Task description:
Line by line, print the records exactly.

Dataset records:
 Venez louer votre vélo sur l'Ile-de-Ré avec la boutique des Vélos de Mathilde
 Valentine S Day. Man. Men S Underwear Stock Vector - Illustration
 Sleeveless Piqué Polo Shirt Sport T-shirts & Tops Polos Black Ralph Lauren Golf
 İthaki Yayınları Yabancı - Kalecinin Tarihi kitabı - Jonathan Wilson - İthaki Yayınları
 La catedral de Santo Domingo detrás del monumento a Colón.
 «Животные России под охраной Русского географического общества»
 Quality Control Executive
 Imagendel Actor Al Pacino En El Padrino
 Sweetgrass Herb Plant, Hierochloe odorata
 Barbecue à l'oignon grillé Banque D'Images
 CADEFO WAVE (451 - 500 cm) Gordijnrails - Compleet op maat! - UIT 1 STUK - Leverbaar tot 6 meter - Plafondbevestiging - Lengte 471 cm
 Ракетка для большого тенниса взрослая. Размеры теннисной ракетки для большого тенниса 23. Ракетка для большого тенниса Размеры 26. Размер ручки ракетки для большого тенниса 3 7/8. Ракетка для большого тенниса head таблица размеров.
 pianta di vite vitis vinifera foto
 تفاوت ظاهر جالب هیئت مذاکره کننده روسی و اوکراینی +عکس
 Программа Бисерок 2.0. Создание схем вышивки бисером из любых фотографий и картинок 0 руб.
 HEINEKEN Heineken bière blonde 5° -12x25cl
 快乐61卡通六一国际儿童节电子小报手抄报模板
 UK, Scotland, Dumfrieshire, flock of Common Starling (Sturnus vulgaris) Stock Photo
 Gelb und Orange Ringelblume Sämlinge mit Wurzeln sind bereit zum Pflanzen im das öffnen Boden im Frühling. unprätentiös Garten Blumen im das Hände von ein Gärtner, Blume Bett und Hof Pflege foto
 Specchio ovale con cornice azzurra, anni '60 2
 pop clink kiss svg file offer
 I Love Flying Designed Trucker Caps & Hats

Answer section:
 Venez louer votre vélo sur l'Ile-de-Ré avec la boutique des Vélos de Mathilde
 Valentine S Day. Man. Men S Underwear Stock Vector - Illustration
 Sleeveless Piqué Polo Shirt Sport T-shirts & Tops Polos Black Ralph Lauren Golf
 İthaki Yayınları Yabancı - Kalecinin Tarihi kitabı - Jonathan Wilson - İthaki Yayınları
 La catedral de Santo Domingo detrás del monumento a Colón.
 «Животные России под охраной Русского географического общества»
 Quality Control Executive
 Imagendel Actor Al Pacino En El Padrino
 Sweetgrass Herb Plant, Hierochloe odorata
 Barbecue à l'oignon grillé Banque D'Images
 CADEFO WAVE (451 - 500 cm) Gordijnrails - Compleet op maat! - UIT 1 STUK - Leverbaar tot 6 meter - Plafondbevestiging - Lengte 471 cm
 Ракетка для большого тенниса взрослая. Размеры теннисной ракетки для большого тенниса 23. Ракетка для большого тенниса Размеры 26. Размер ручки ракетки для большого тенниса 3 7/8. Ракетка для большого тенниса head таблица размеров.
 pianta di vite vitis vinifera foto
 تفاوت ظاهر جالب هیئت مذاکره کننده روسی و اوکراینی +عکس
 Программа Бисерок 2.0. Создание схем вышивки бисером из любых фотографий и картинок 0 руб.
 HEINEKEN Heineken bière blonde 5° -12x25cl
 快乐61卡通六一国际儿童节电子小报手抄报模板
 UK, Scotland, Dumfrieshire, flock of Common Starling (Sturnus vulgaris) Stock Photo
 Gelb und Orange Ringelblume Sämlinge mit Wurzeln sind bereit zum Pflanzen im das öffnen Boden im Frühling. unprätentiös Garten Blumen im das Hände von ein Gärtner, Blume Bett und Hof Pflege foto
 Specchio ovale con cornice azzurra, anni '60 2
 pop clink kiss svg file offer
 I Love Flying Designed Trucker Caps & Hats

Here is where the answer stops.